Shelby County WWII veteran passes away
Published 2:36 pm Monday, November 28, 2011
By CHRISTINE BOATWRIGHT / Staff Writer
Siluria native James Wesley Reach served his country for 30 years. The World War II veteran passed away Nov. 15, 2011 at the age of 86 in Huntsville. Reach was close to his family and was never without a joke or story, niece Linda Moore said.
“He was a notorious jokester and teased the kids. He just adored his family, from his parents down to his fourth, fifth, sixth cousin, it didn’t matter. He was a true people person,” said Moore, an Alabaster resident.
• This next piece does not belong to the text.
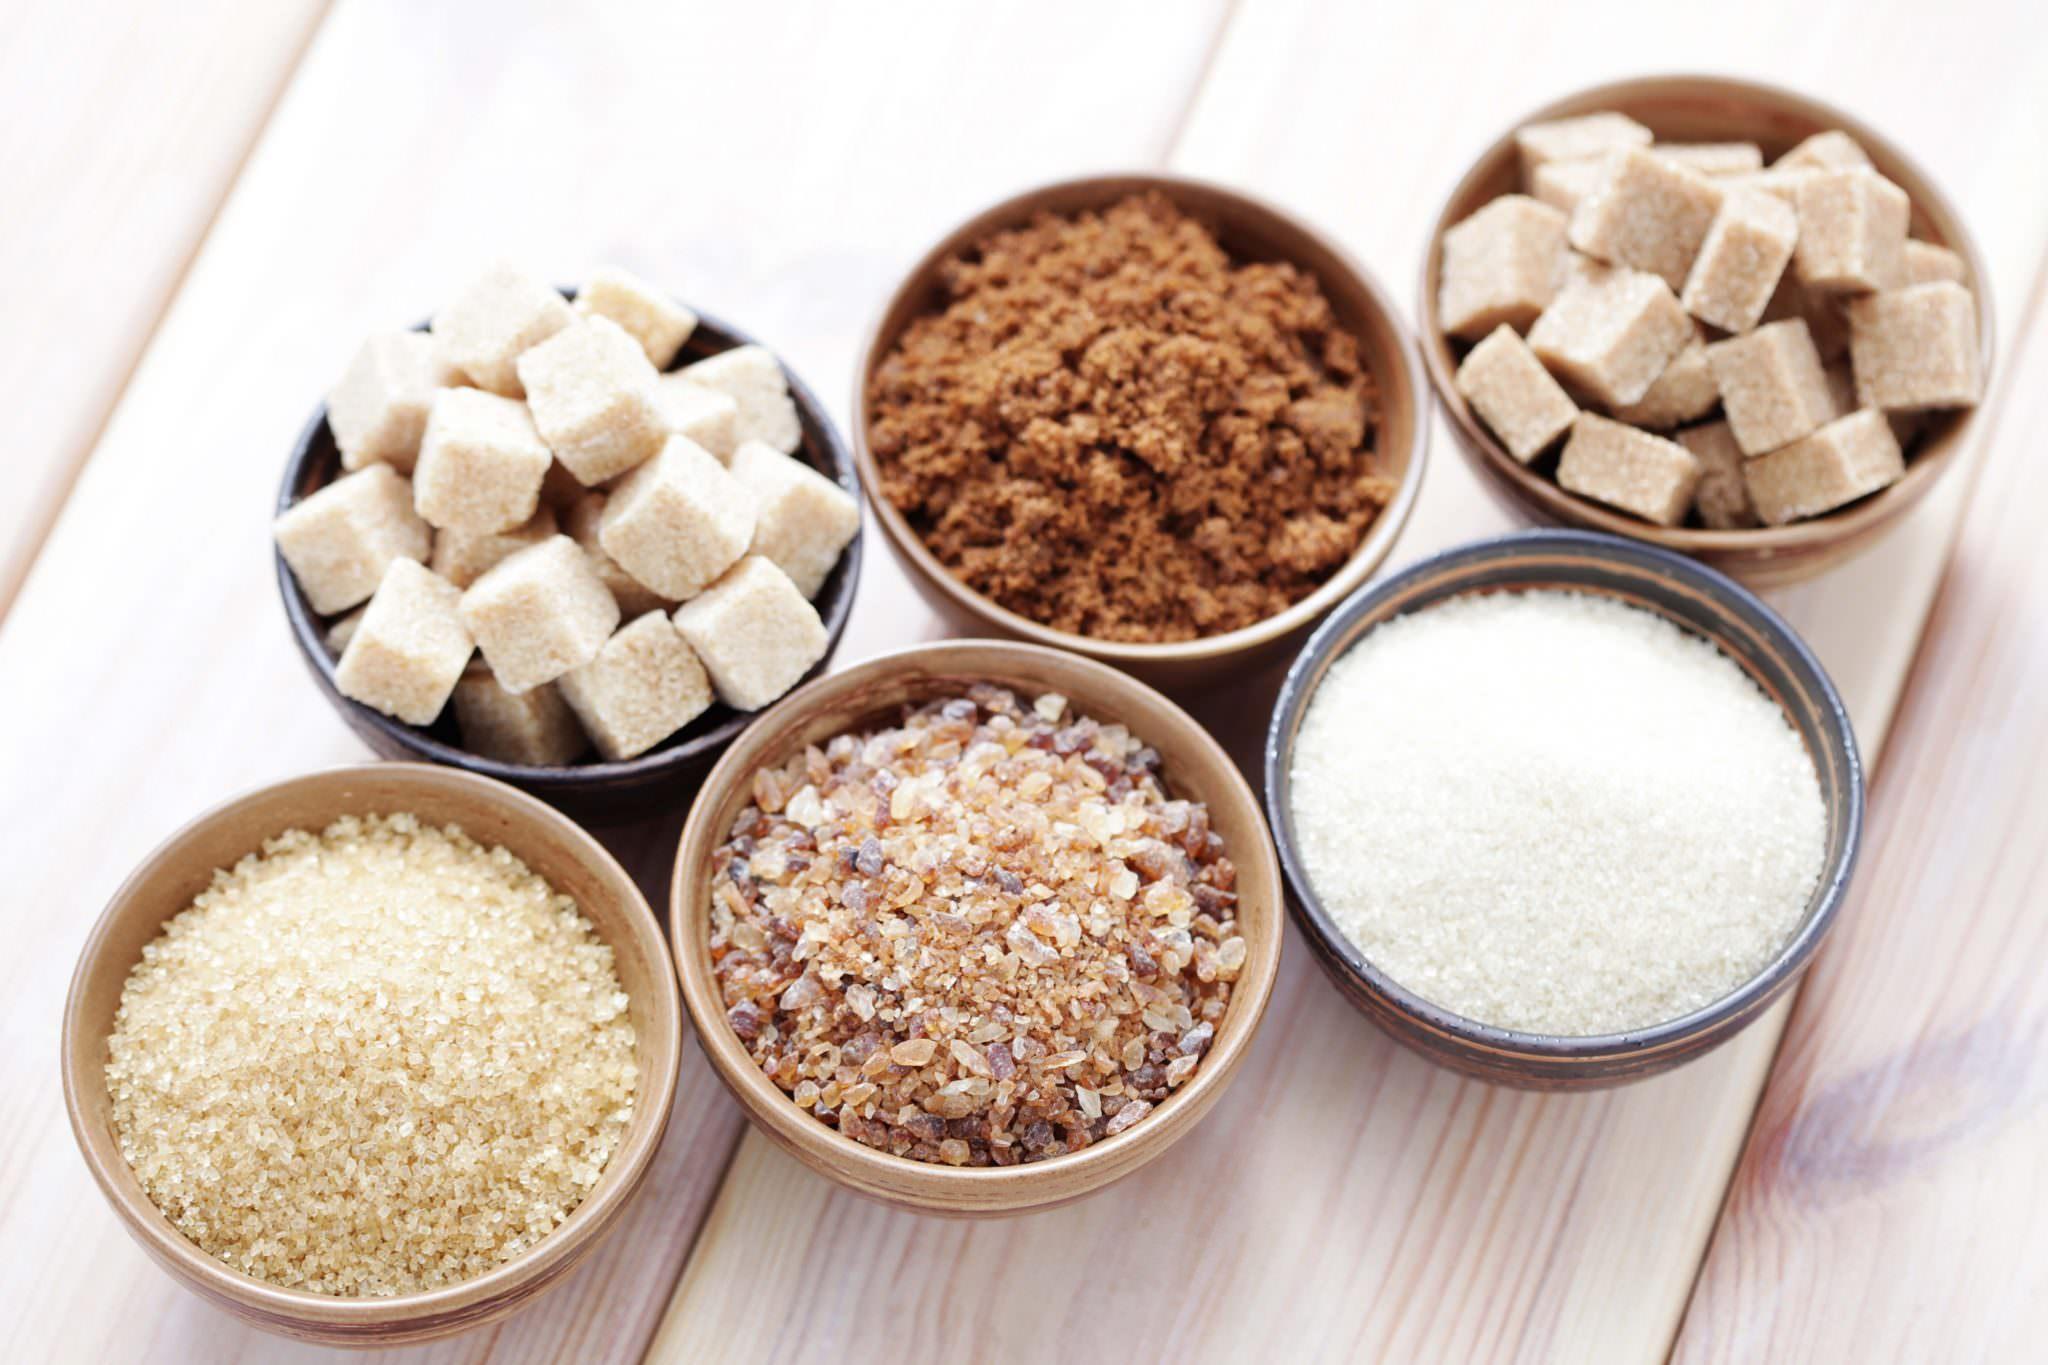 review muscle milk nutrition ingredients artificial sweetener mydietgoal hd

Reach was born on Nov. 5, 1925 in Siluria. He joined the Navy at 18 years old in 1944 and served in WWII aboard the destroyer USS Stormes.
“Mr. Reach was on the gun deck when an enemy plane came into view through the smoke of battle,” Moore wrote as a part of his obituary. “When the suicide plane hit, Mr. Reach was only 30 to 35 feet from where it struck, but he escaped with only a piece of shrapnel in his leg.”
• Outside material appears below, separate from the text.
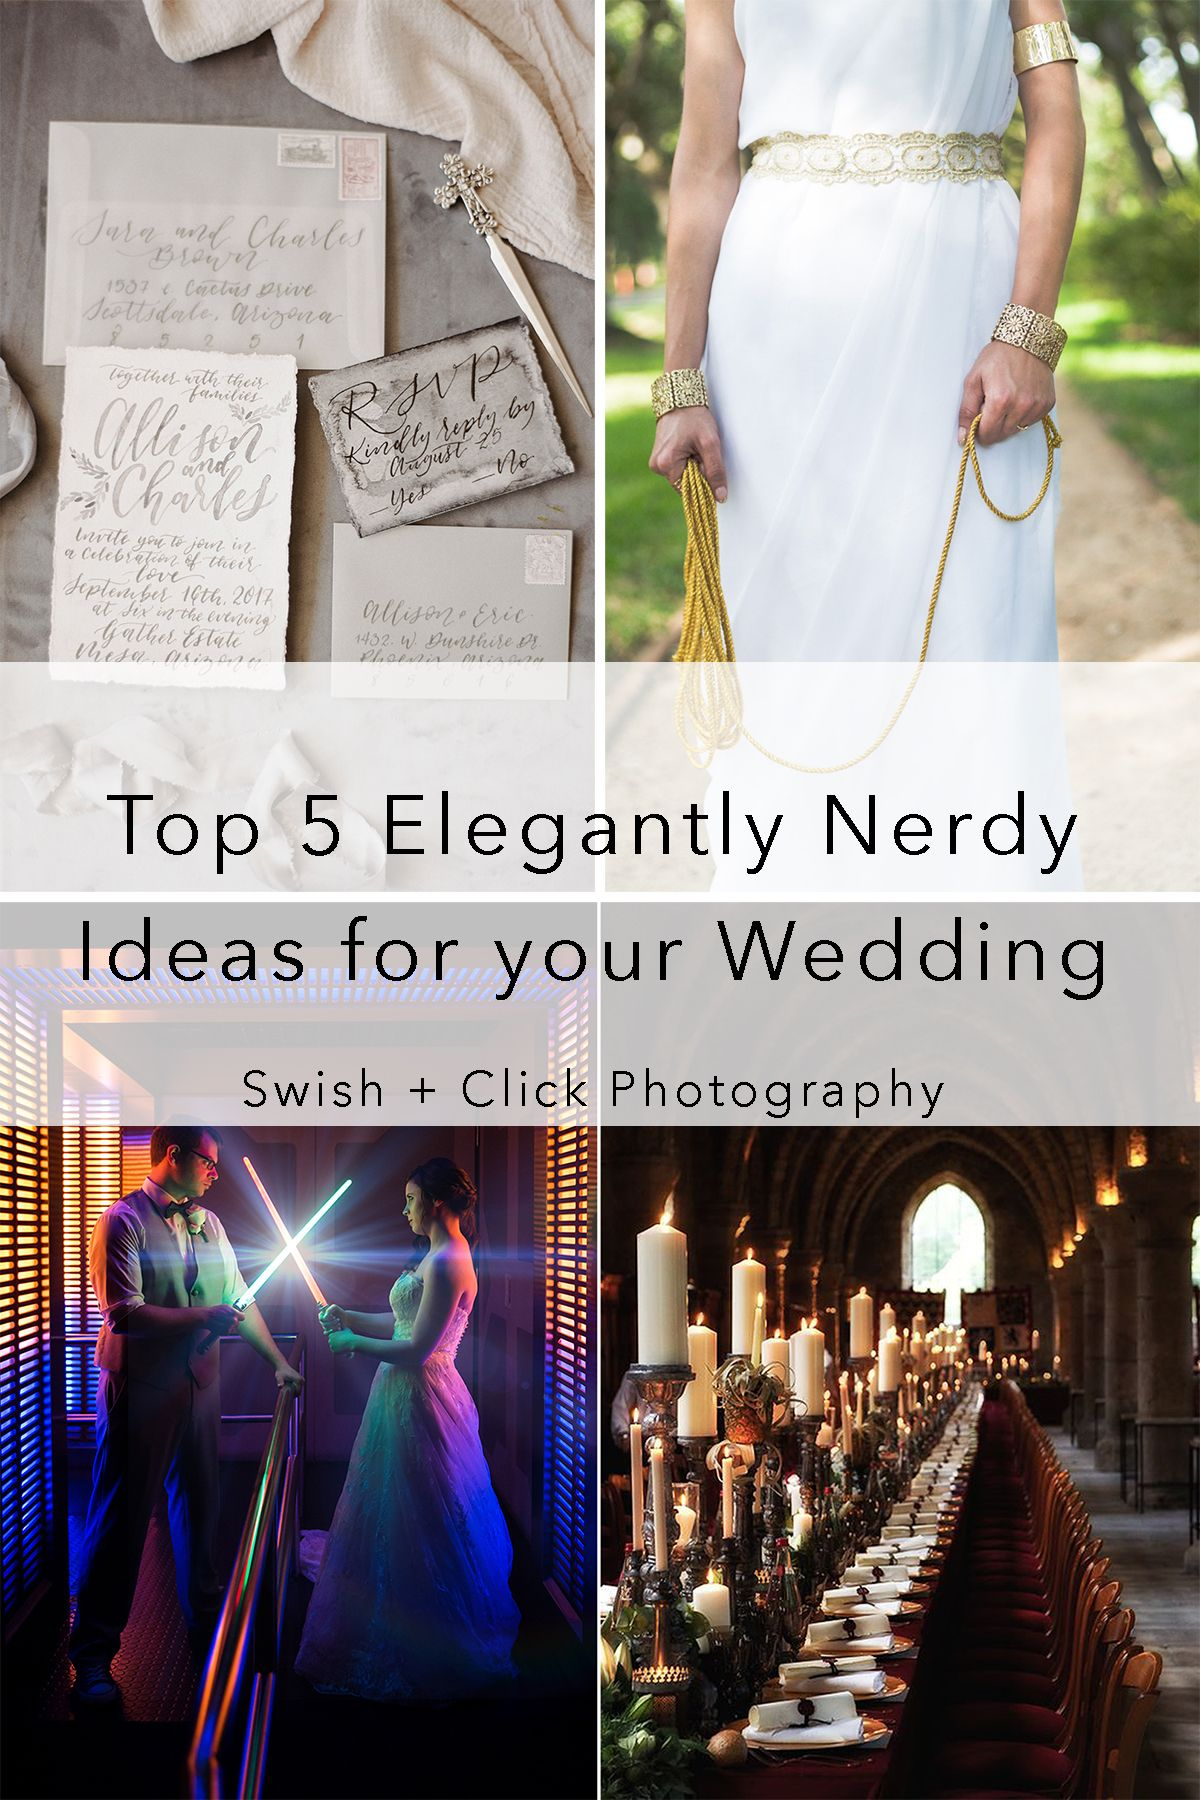 Top 5 Elegantly Nerdy Themes for Your Wedding | Wedding, Wedding ...

Moore asked her uncle what happened to the piece of shrapnel when it was removed from his leg.
“He told me he had a machinist on the ship make it into a ring. He said, ‘When I got home, I gave it to a girl. If I want anyone to know who that was, I’ll be the one to tell them.’ In other words, it wasn’t Aunt Beth,” Moore said, laughing.
Reach reenlisted in the Navy at the end of the Korean War. He spent three years on a tanker in the Panama Canal Zone. He was later transferred to the USS Randolph, an aircraft carrier involved in the Cuban Missile Crisis blockade.
The Randolph twice served as the primary pick-up vehicle for astronauts returning from the space flights, namely Virgil Grissom and John Glenn, Moore wrote.
“He served coffee to the first person that ever went to the moon when he dropped into the ocean,” said sister Frances Reach Watts, an Alabaster resident. “When he came aboard the ship, Wesley served him his first cup of coffee. He was a 30-year veteran, and had lots of interesting things happen to him.”
Reach then became a naval recruiter and was named Recruiter of the Year in 1967. He retired from the Navy in 1971. When Reach returned home, he and his wife, Beth, moved to Huntsville to be close to her family.
“He was a mighty good man, a good Christian man,” Watts said. “He was a fun-loving fellow. He was just a good fellow all around. We all adored him.”
Reach is survived by his wife of 62 years, Maybeth Turner Reach, Huntsville; daughter, Patty Reach McCarley (Scott); grandson, Wesley McCarley of Huntsville; sisters, Frances Reach Watts, and Adele “Tiny” Reach Kirkland of Alabaster, and many nieces and nephews.